Interaction-driven topological insulator states in strained graphene
D. A. Abanin, D. A. Pesin

TL;DR
This paper demonstrates that Coulomb interactions in strained graphene with pseudo-magnetic fields induce topological insulator-like states, including quantum Hall and quantum spin-Hall states, stable at high temperatures due to many-body effects.
Contribution
It reveals how electron-electron interactions in strained graphene lead to topological insulator states, a novel mechanism for realizing such states in a material with engineered strain.
Findings
Interaction lifts degeneracies of pseudo Landau levels in strained graphene.
Spontaneous emergence of quantum Hall states at specific fillings.

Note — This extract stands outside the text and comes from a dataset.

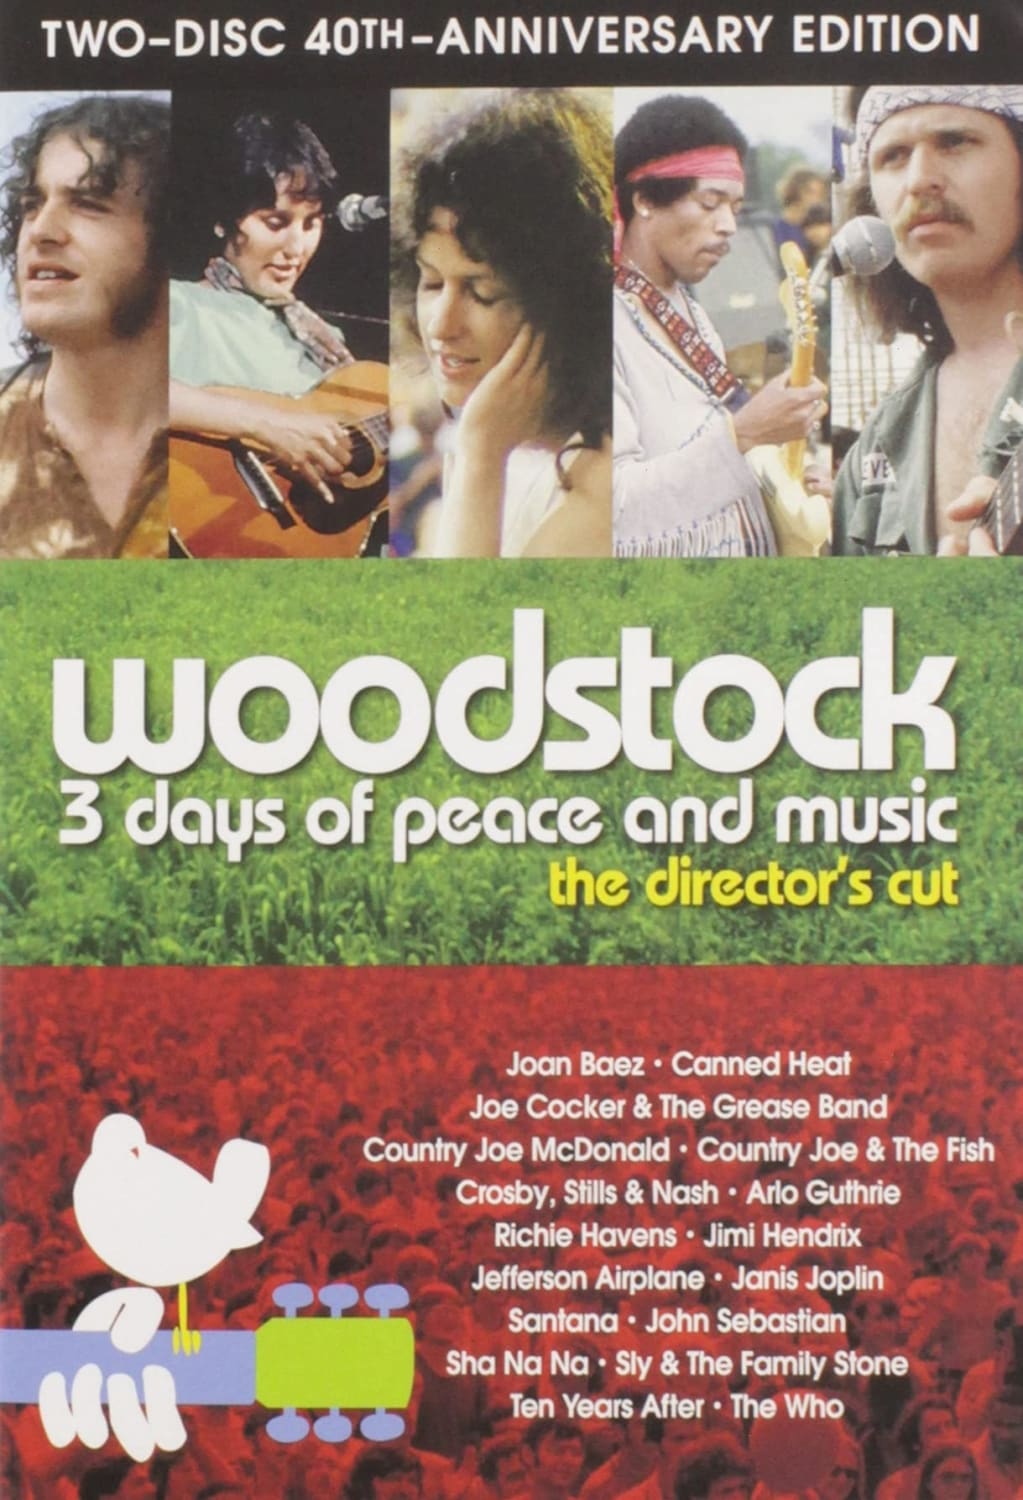 Woodstock: 3 Days of Peace & Music Director’s Cut (40th Anniversary Two-Disc Special Edition) (DVD) on MovieShack

Quantum spin-Hall states stabilized by spin-orbital interactions.
Abstract
The electronic properties of graphene can be manipulated via mechanical deformations, which opens prospects for studying the Dirac fermions in new regimes and for new device applications. Certain natural configurations of strain generate large nearly uniform pseudo-magnetic fields, which have opposite signs in the two valleys, and give rise to flat spin- and valley-degenerate pseudo Landau levels (PLLs). Here we consider the effect of the Coulomb interactions in strained graphene with uniform pseudo-magnetic field. We show that the spin/valley degeneracies of the PLLs get lifted by the interactions, giving rise to topological insulator-like states. In particular, when a nonzero PLL is quarter- or three-quarter filled, an anomalous quantum Hall state spontaneously breaking time-reversal symmetry emerges. At half-filled PLL, weak spin-orbital interaction stabilizes time-reversal-symmetric…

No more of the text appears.